Sebastián Sepúlveda: Hacer cine como «cultivar tu propio jardín»

    Sebastián Sepúlveda no para. En los últimos años no solo ha editado las películas El club (2105), Jackie (2016) y Ema (2109) de Pablo Larraín, sino que también ha tenido tiempo para Chicuarotes (2019) de Gael García Bernal. Cuando no está montando cine, está escribiendo o dirigiendo sus propias películas, como Las niñas Quispe (2013).

    Cuando empezamos a hablar estaba terminando el primer capítulo de la serie Lisey´s Story (2021), dirigido por Pablo Larraín, escrito por Stephen King y producido por JJ Abrams. 

    Es un gusto y un honor charlar con Sepúlveda (Concepción, Chile, 1972).

    CL: ¿Cómo te lleva la cuarentena? 

    SS: La cuarentena es un caos. Tengo dos niñas todo el tiempo encerradas; mi casa es una fábrica de comida y limpieza. Ninguno de los dos rubros son lo mío. Por eso cuesta más encontrar el tiempo para trabajar, porque tienes menos horas. Y tener montado afuera de la puerta un capítulo de la serie de Zombies no es bueno. Las pelis de zombies son buenas para verlas, no para vivir en una de ellas.

    ¿Cómo ves la salud del cine chileno actual?

    ¡Con COVID-19!  Engripada. Creo que es una etapa bastante dinámica para los chilenos que trabajan internacionalmente, pero va a ser durísima para los que producen en Chile, porque es un pequeño país con poco dinero. En Chile la gente solo va al cine a ver blockbusters; es muy escaso el cine indie, a nivel público. Claramente esto es una bomba nuclear en una aldea de gente que tiene hambre.

    Ahora, hay algo bueno en saber que uno tiene que sobrevivir; eso despierta… Saca a los cineastas del pensamiento virtuoso de que el espectador se debe someter a sus exigencias, y lo pone en un espacio de fragilidad donde humildemente cuenta una historia, y se vuelve más un acercamiento al relato de Sherezade en Las mil y una noches. Entonces hay que ser cuidadoso en contar bien una historia, elegirla sabiamente para no terminar con la cabeza cortada, o en otra profesión. Situaciones que, para quienes eligieron este trabajo tortuoso, son finalmente similares.

    ¿Qué fue lo último que dirigiste?

    Lo último que dirigí es mi peli Las niñas Quispe (2013). ¡Hace mucho tiempo! Me fue bien: fui a Venecia, la trataron con cariño las revistas de crítica americanas. La presenté en las salas francesas, y fue bien recibida. Traté de hacer un par de largos más y no resultaron por distintos motivos. Entonces decidí escribir la historia que estoy comenzando a mover actualmente. Ha tomado mucho tiempo. Demasiado.
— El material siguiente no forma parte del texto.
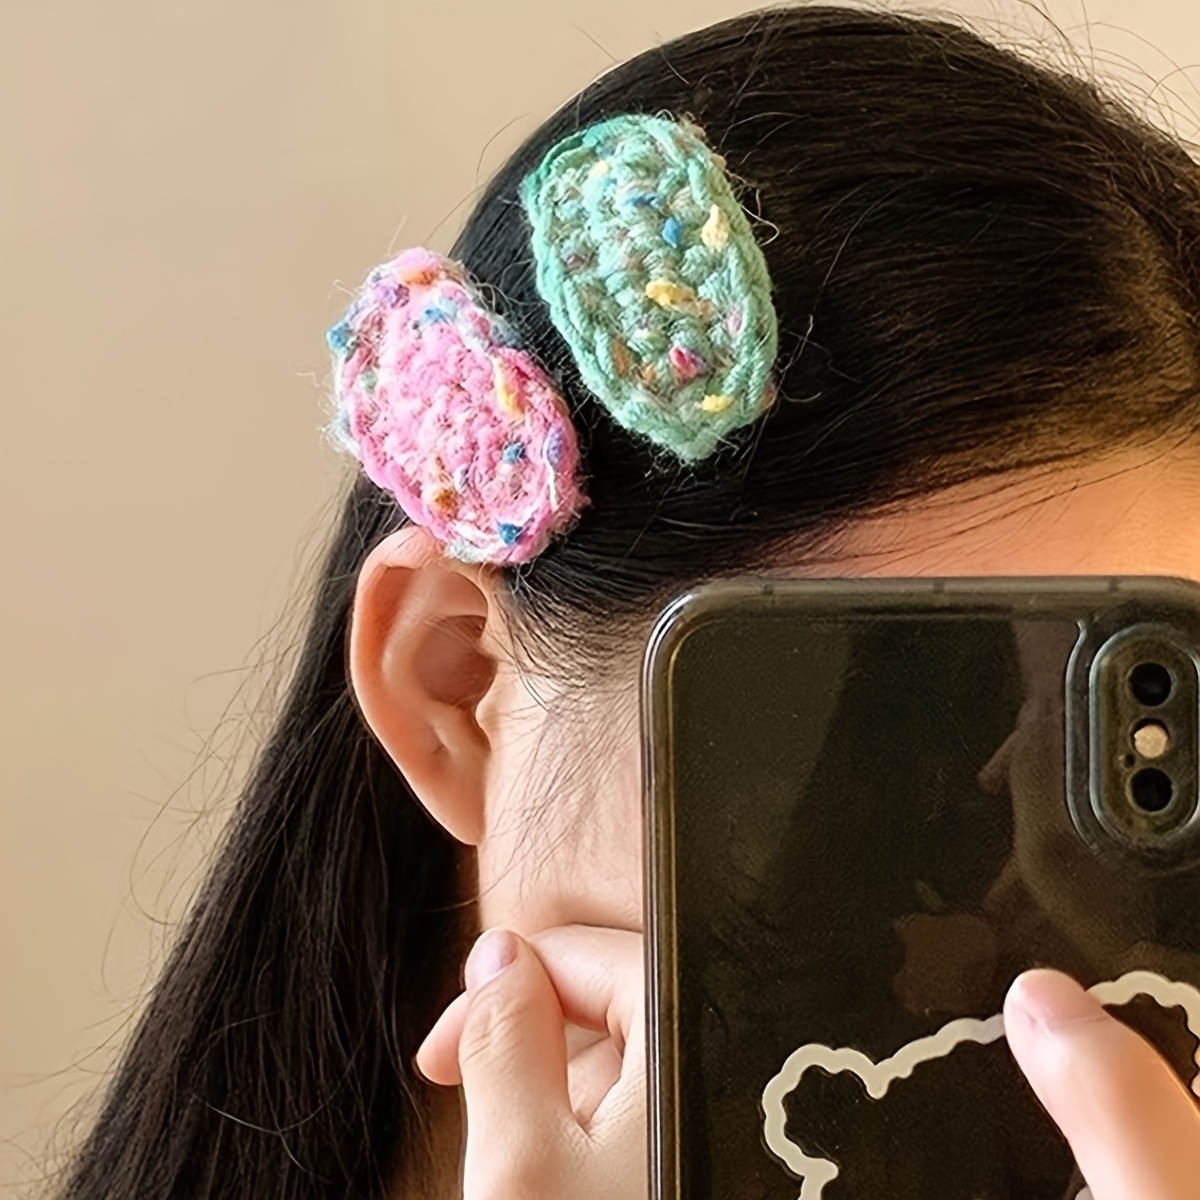 Whoamigo DIY Hair Clips Kit-Crochet Hair Pins Baby Girls Knitted Hairgrips  Handmade Hair Barrettes Crochet Kit-Gift for Beginners

Pero mientras tanto edité El club (2105), Jackie (2016), Ema (2109).

    ¿Y lo último que editaste? 

     Lo último en que trabajé fue la edición del primer capítulo de la serie Lisey´s Story (2021) dirigido por Pablo Larraín, escrito por Stephen King y producido por JJ Abrams.  Todas estas experiencias han traído un reconocimiento de mi trabajo como editor que yo jamás hubiese esperado. En la agencia que me representa en Los Ángeles, somos diez editores. El que viene después de mí, por orden alfabético, es Jin-mo Yang, que editó Parasite. El siguiente es Joe Walker, el editor de Blade Runner 2049. Es como estar rodeado de Ferraris. Y uno se siente un Fiat. Pero no importa; hay que recordar que la Fiat compró a la Ferrari.

    Cuéntame cómo llegas a tus historias: los casos de Las niñas Quispe y O Areal.

    La forma de llegar a las historias es siempre, por lo menos en mi caso, distinta. O Areal es un documental sobre una comunidad cimarrona en el Amazonía Brasileña y cómo sus espíritus y hombres lobos, que pueblan el cotidiano de los habitantes, son echados por la modernización. Ahí llegué haciendo la parte audiovisual de una investigación sobre el imaginario en la Amazonía. Y en cuanto a Las niñas Quispe… era un tema que me propuso la productora Fabula para dirigir. Yo leí una obra de teatro que se había hecho, fui al lugar donde había sucedido, a cuatro mil metros de altura, y sentí que esa historia valía la pena ser contada. Espero que por lo menos algunos de los que la vieron piensen lo mismo…

    ¿En qué momento conoces a Larraín? 

    A Pablo lo había visto un par de veces en fiestas con cineastas. Pero fue realmente cuando me invitaron a ver el primer corte de Tony Manero que tuvimos una conversación sobre su trabajo. Fue muy interesante esa película, rompía muchos esquemas del cine latinoamericano en ese momento, y eso era muy estimulante para conversar.

    ¿Tu primera película con él es El club?

    Con El club empiezo a trabajar en la edición, pero ya había trabajado con él como asesor artístico en Post mortem, es decir, de consultor en el guion y en el montaje. Pablo había producido Las niñas Quispe, y yo había escrito y editado algunas películas que él había producido (Joven y alocada, El año del tigre, Ulises). Incluso escribí el tratamiento de un western para Hollywood; Pablo después escribió el guion con un guionista en LA, pero finalmente nunca se filmó. 

    ¿Cómo es este proceso? ¿Trabajas todo el tiempo con él? ¿Estás a solas al inicio? ¿Trabajas muy basado en el guion?

    En general yo edito la primera versión del montaje, y trato de que no sea cacofónica. Cualquiera que haya visto una primera versión de montaje entiende a lo que me refiero. Pero algunas veces la cacofonía se arma en la segunda o tercera versión ya que, al mezclar todos los elementos y tratar de darle un color narrativo, se vuelve una ensalada no muy digerible que después hay que limpiar. Finalmente, siempre terminamos encontrando entre los dos, y con la ayuda de muchas voces críticas, la forma final, que siempre nos sorprende. Esto se debe a que Pablo concibe el guion y el rodaje pensando en tener múltiples posibilidades narrativas antes de llegar a la sala de montaje.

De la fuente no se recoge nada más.